Start of DATASET RECORDS

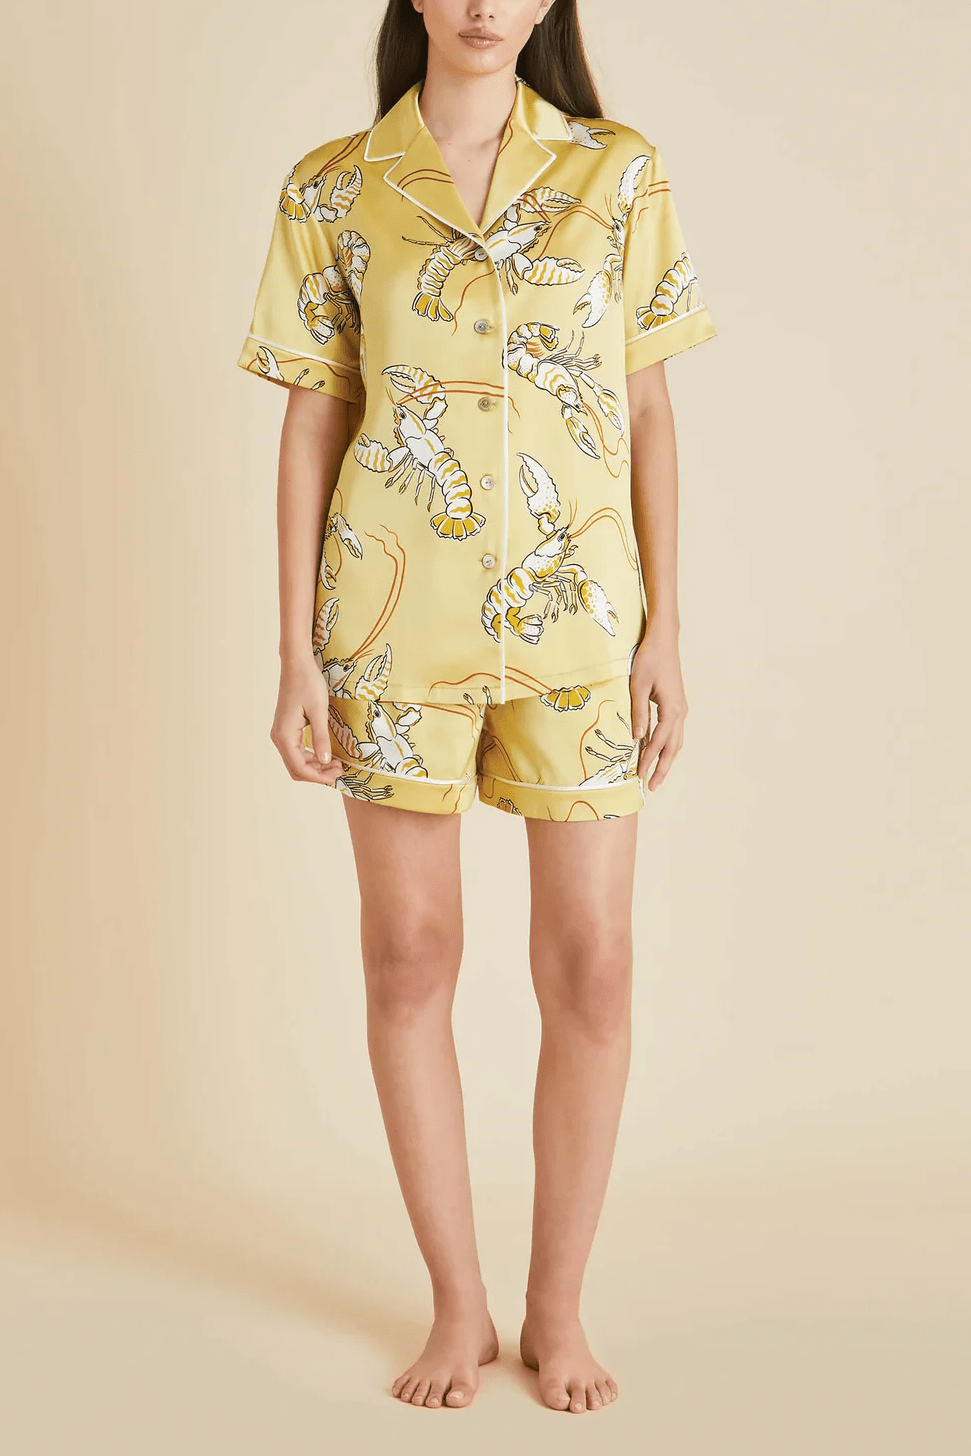 Olivia Von Halle Ingo pajamas - pajamas
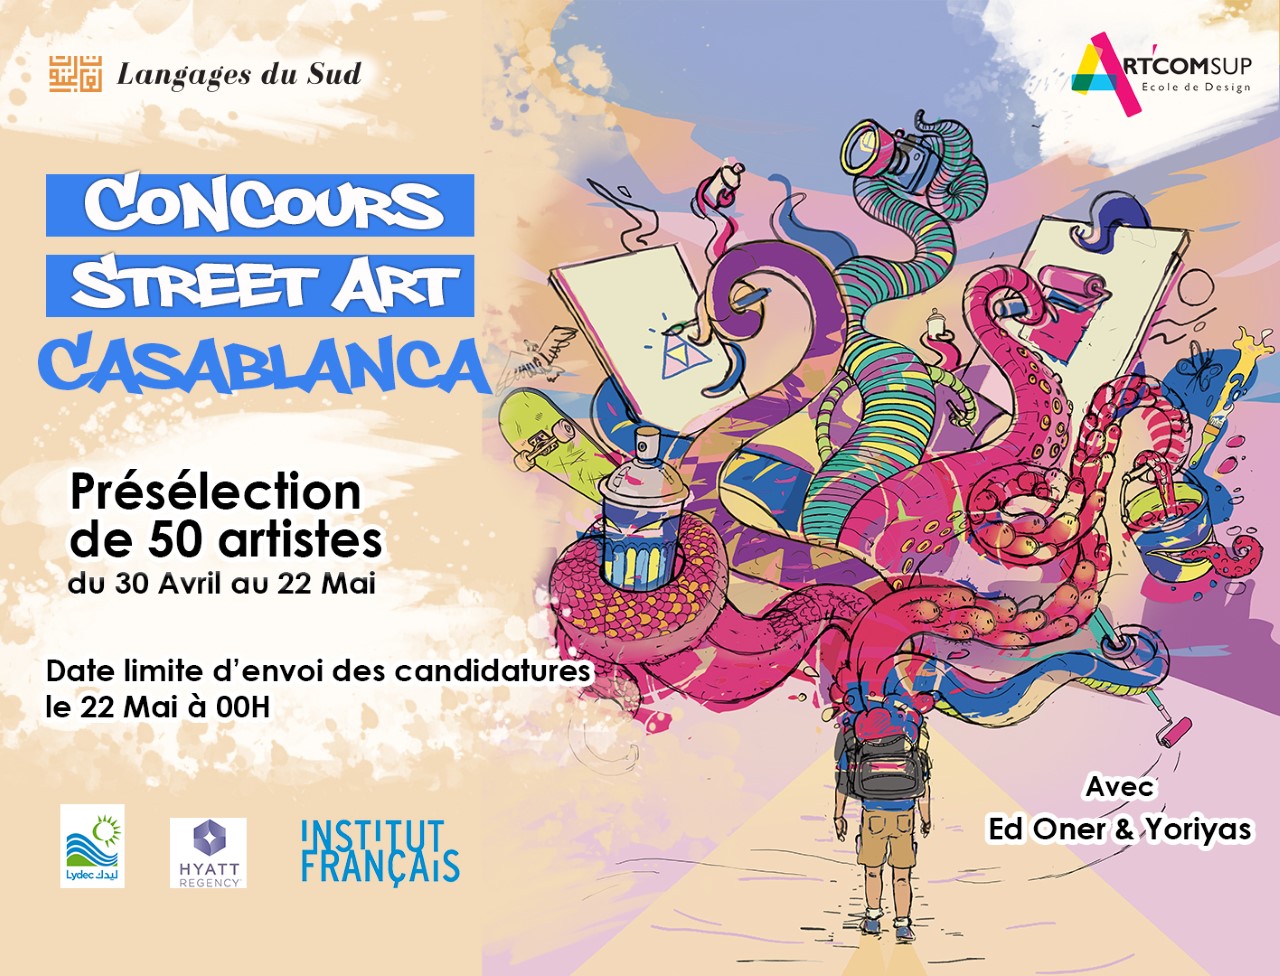 "Street Art Casablanca" lance son concours, du 30 avril au 22 mai
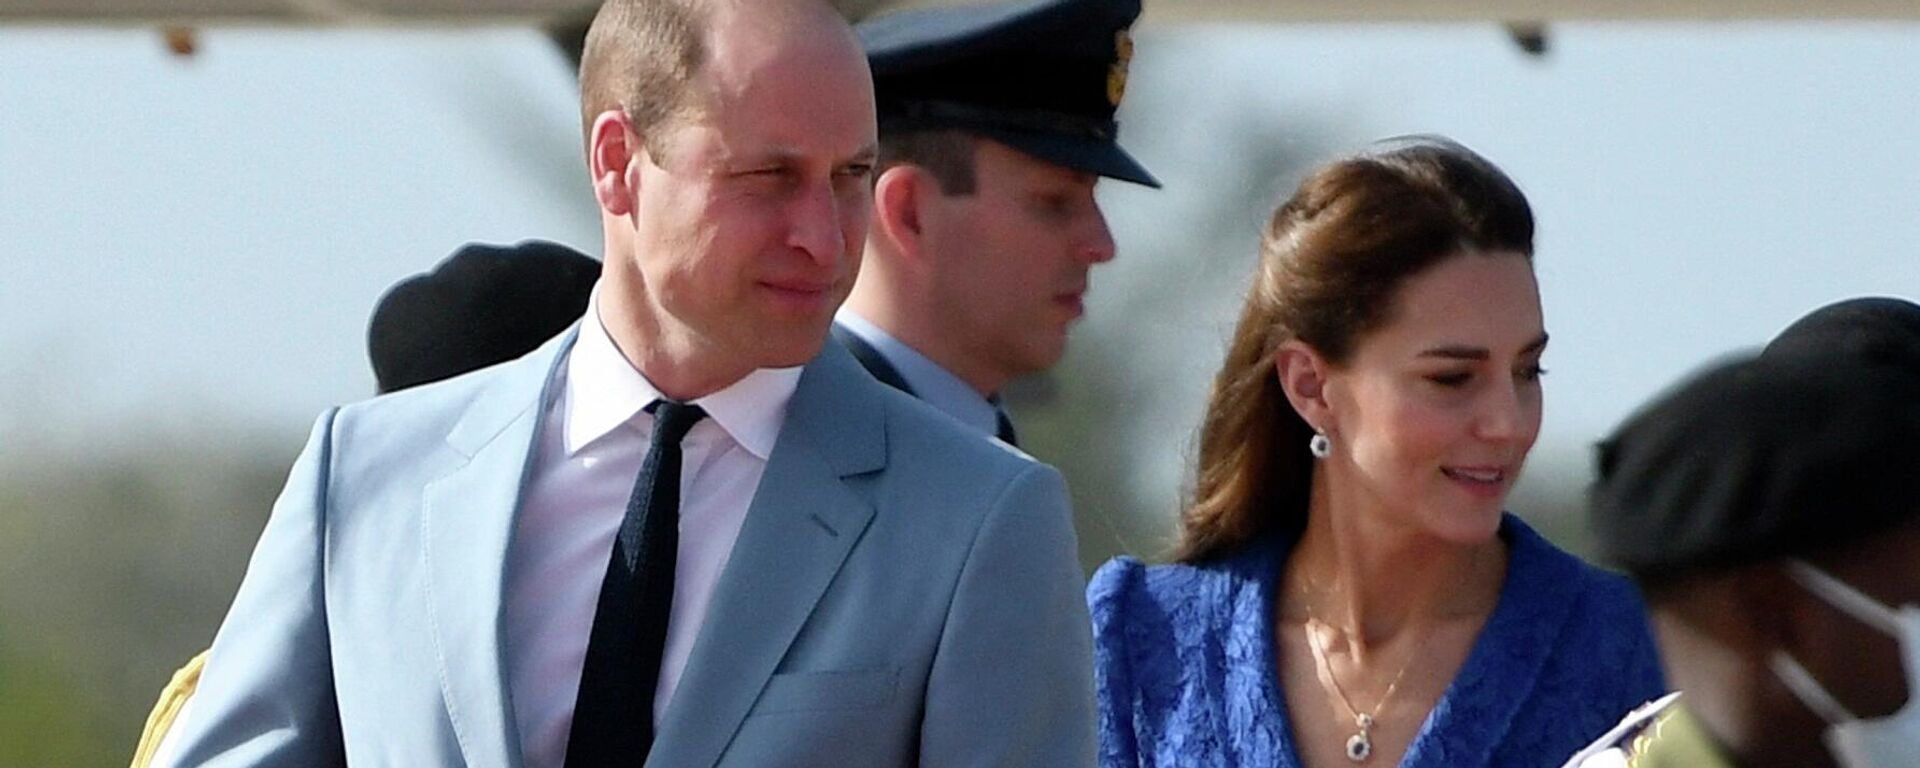 الأمير البريطاني وليام وزوجته كيت ميدلتون يصلان إلى مطار بليز سيتي الدولي في 19 مارس/ آذار 2022، في بداية جولتهما الكاريبية - سبوتنيك عربي, 1920, 23.03.2022
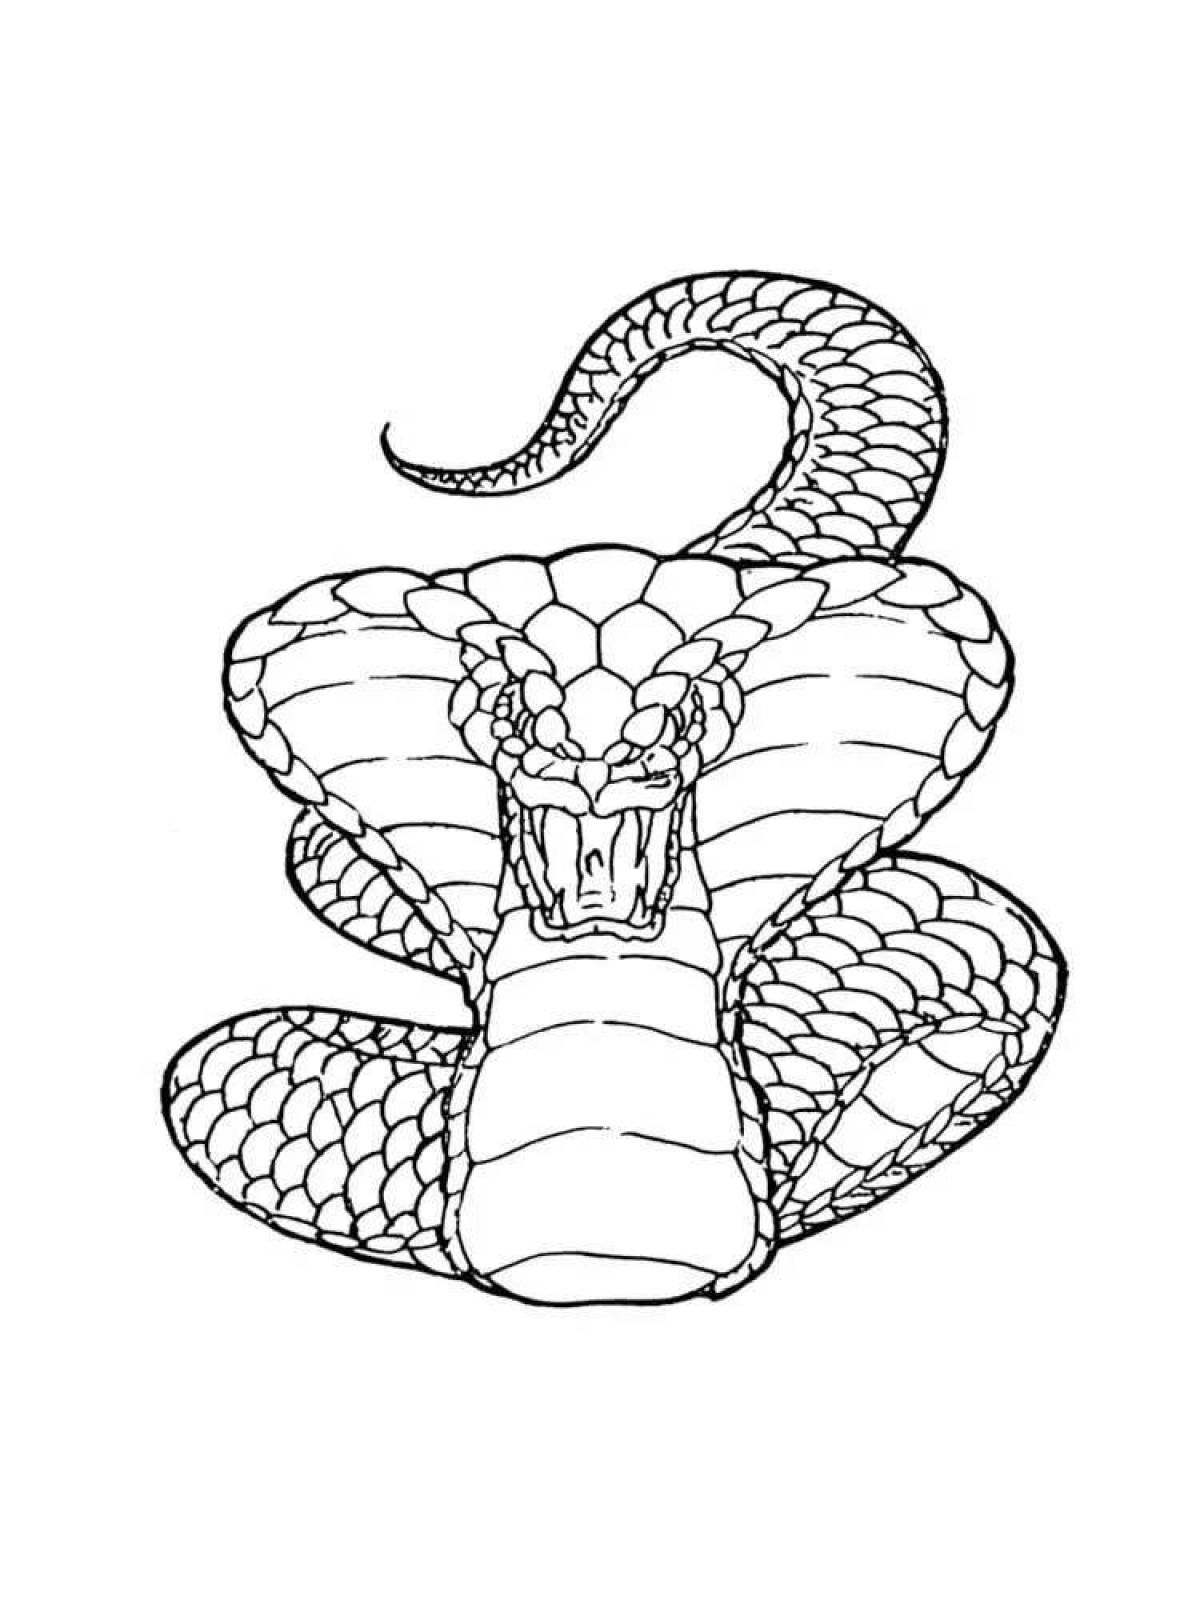 Экзотическая раскраска королевская кобра
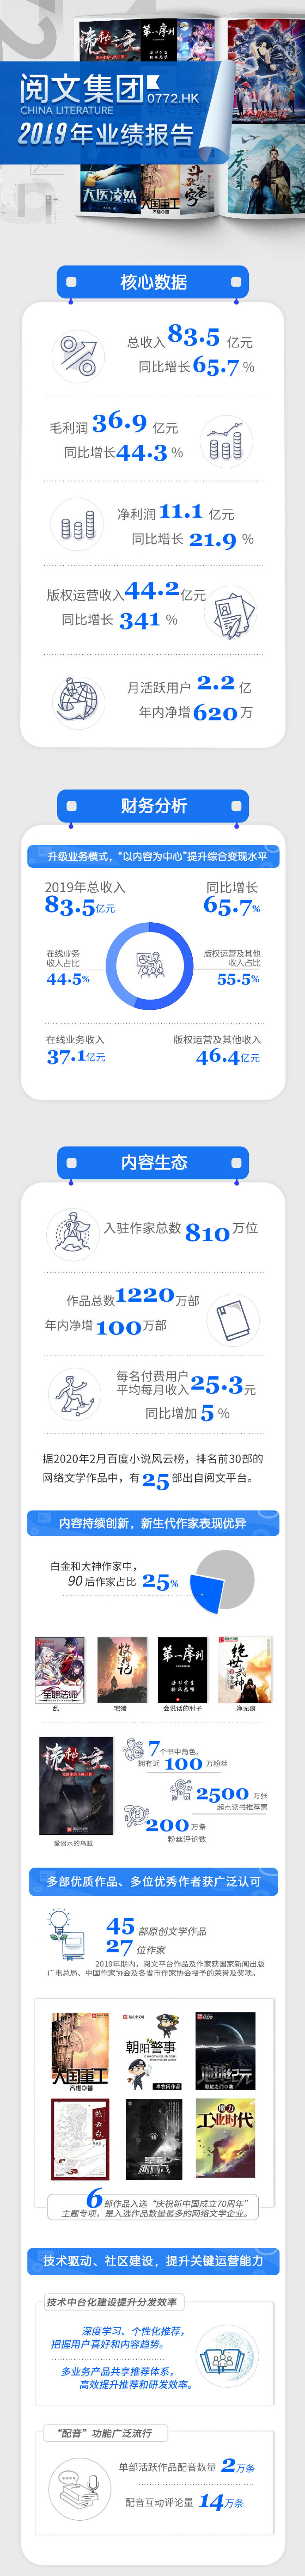 《庆余年》等网文改编剧火爆 阅文2019年总收入83.5亿

End of DATASET RECORDS

→ **WHAT TO WORK ON**: The copy you write out must match the entries word for word, minus their pictures.

→ **SOLUTION FOR THIS TASK**:
 Olivia Von Halle Ingo pajamas - pajamas
 "Street Art Casablanca" lance son concours, du 30 avril au 22 mai
 الأمير البريطاني وليام وزوجته كيت ميدلتون يصلان إلى مطار بليز سيتي الدولي في 19 مارس/ آذار 2022، في بداية جولتهما الكاريبية - سبوتنيك عربي, 1920, 23.03.2022
 Экзотическая раскраска королевская кобра
 《庆余年》等网文改编剧火爆 阅文2019年总收入83.5亿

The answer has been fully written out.